Stuxnet .(lnk exploit malware) versus HIPS

You're conducting some very interesting tests. Could you please share the hash of the file you're doing the tests with? I think I might be in possession of it!

 

To all, pls I aologize in advance that I can,t do tests on request. Anyone interested can PM me to get the sample( just PM, don,t ask openly in the thread) and do their own testing. Hope you people will not mind!

 

1- No outgoing alert with FW in safe mode.
2- Windows XP Home SP2 not fully patched

 

Yes, just like Comodo v 3 but practically you can,t use these settings, totally impractical.

 

MD5 055a3421813caf77e1387ff77b2e2e28

 

umm...i run comodo version 5.3.50343.1237 on xp sp2 and it stopped the attack partially if it could be said so
look pictures

 

Will try later with Allah,s will. I don,t expect it will pass as rundll32.exe is not involved here at all.

 

Any thing in Comodo log?

May be it,s due to the way Comodo deals with shell32.dll, and not due to interception of malicious dll itself by Comodo. Just a wild guess.

 

Yes of course it would if configured correctly.


Anti executable 4 would also pass, I believe AE4 intercepts dll's now

 

Please test www.spyshelter.com

 

Same with OA even if you allow the alerts!

 

i tested CFW v5.3 thru sandboxie. I can't see it loading dll except the attached alert from the execution of malware...
I don't see malicious dll being loaded. I have verified with gmer and process explorer.

 

I don,t think that it,s a good way to test Comodo with malware running inside SBIE.
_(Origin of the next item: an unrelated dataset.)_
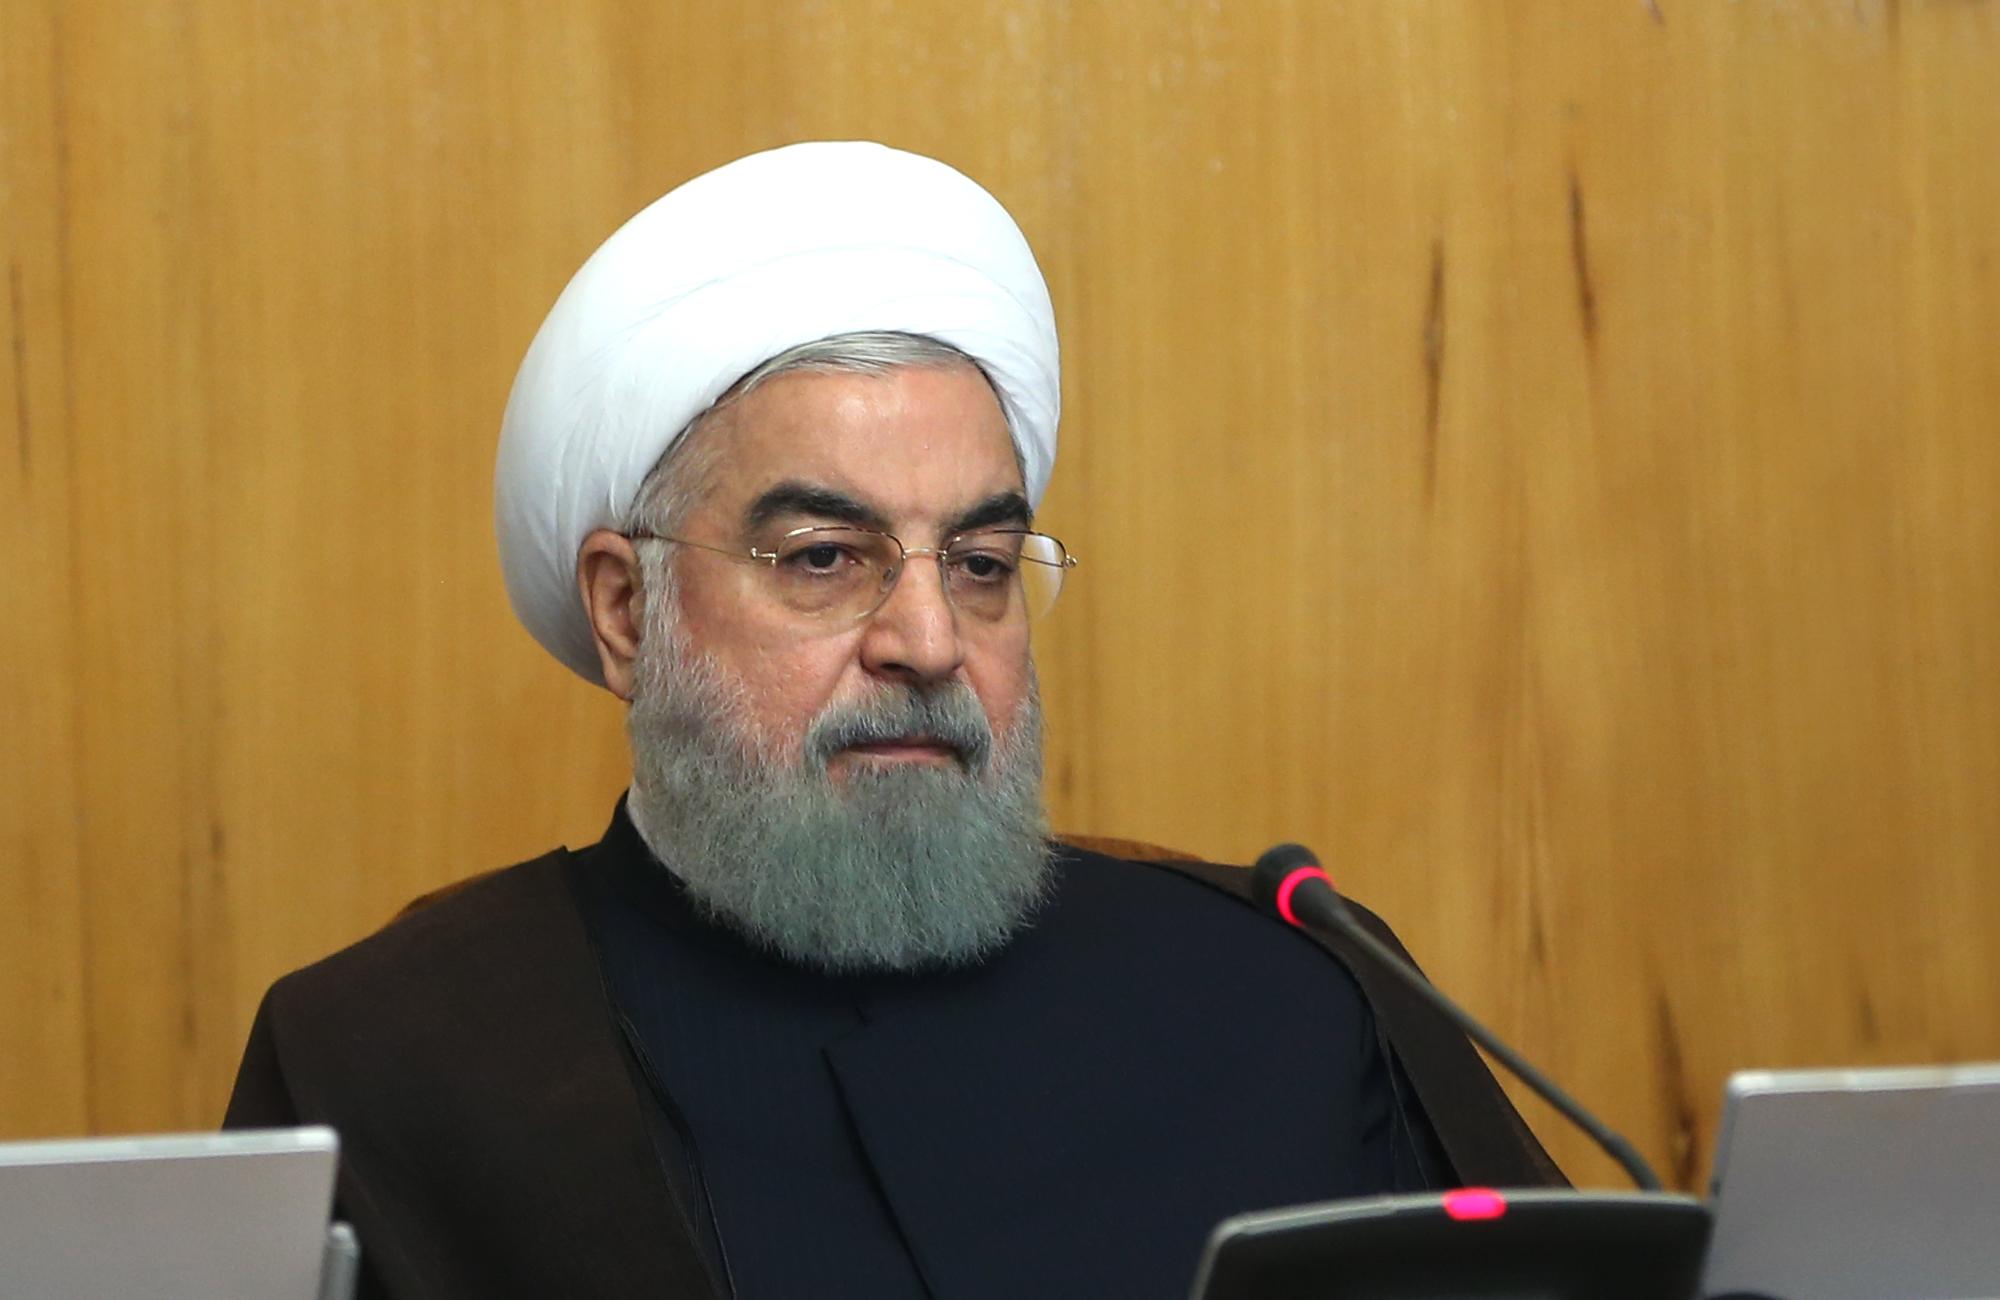 مذاکرات با نخست وزیر ژاپن مفید بود/ توقف برخی اقدامات در چارچوب بندهای ۲۶ و ۳۶ برجام، حداقل اقدام تهران است

However I can confirm that if I run it with Comodo, malicious dll is loaded but it doesn,t loads further malicious modules( as shown by gmer- see the post above by 'superior'). Same is true if I run it with OA and allow all prompts. I don,t know what does all this mean.

 

thanks for the inputs aigle.
Yes, i know that testing malware in sbie would not correctly tell the protection efficacy of comodo.
Are you testing comodo in virtualbox?

Thanks,
Harsha

 

can anyone plz test spy shelter against this? Thanks

 

predictable result ....epic failed
i tested it i mean

 

wow .

 

No, on real system with CTM.

 

Comodo fails it?
Do not worry. Microsoft have already fixed the bug
Just install latest update for your OS.
I have Win7 SP1 64 bit. No dll was injected. Previously it was possible to inject dll

 

are you offering a benign exploit of the relevant vulnerability here, or offering to distribute the actual stuxnet malware to anyone who asks in private?

 

Both, keep rest to PMs.

 

Hi,


Did you test Comodo using settings per this YouTube video? :


http://www.youtube.com/watch?v=D9BPONNYk_g



I ask because I'm running just the firewall (not the AV) alongside with ESET NOD32 v4.2 on Windows 7 Pro 32-bit and I'm kind of curious if their HIPS let this worm through.

Thanks


Carlos

 

Not to sound harsh, but if you're not on a pirated copy of Windows which does not allow you to update it, you're already safe from this infection. I rarely get into these kind of discussions any longer... just my two cents.

 

it allows update

sorry for the bad news

 

I'm not sure I understand the meaning of your post. What is the bad news? That (your?) a pirated copy of Windows allowed you to update? Or that the actual bad news is that the infection is still valid for updated OSs? I'm not aware of that this exploit works on updated Windows machines.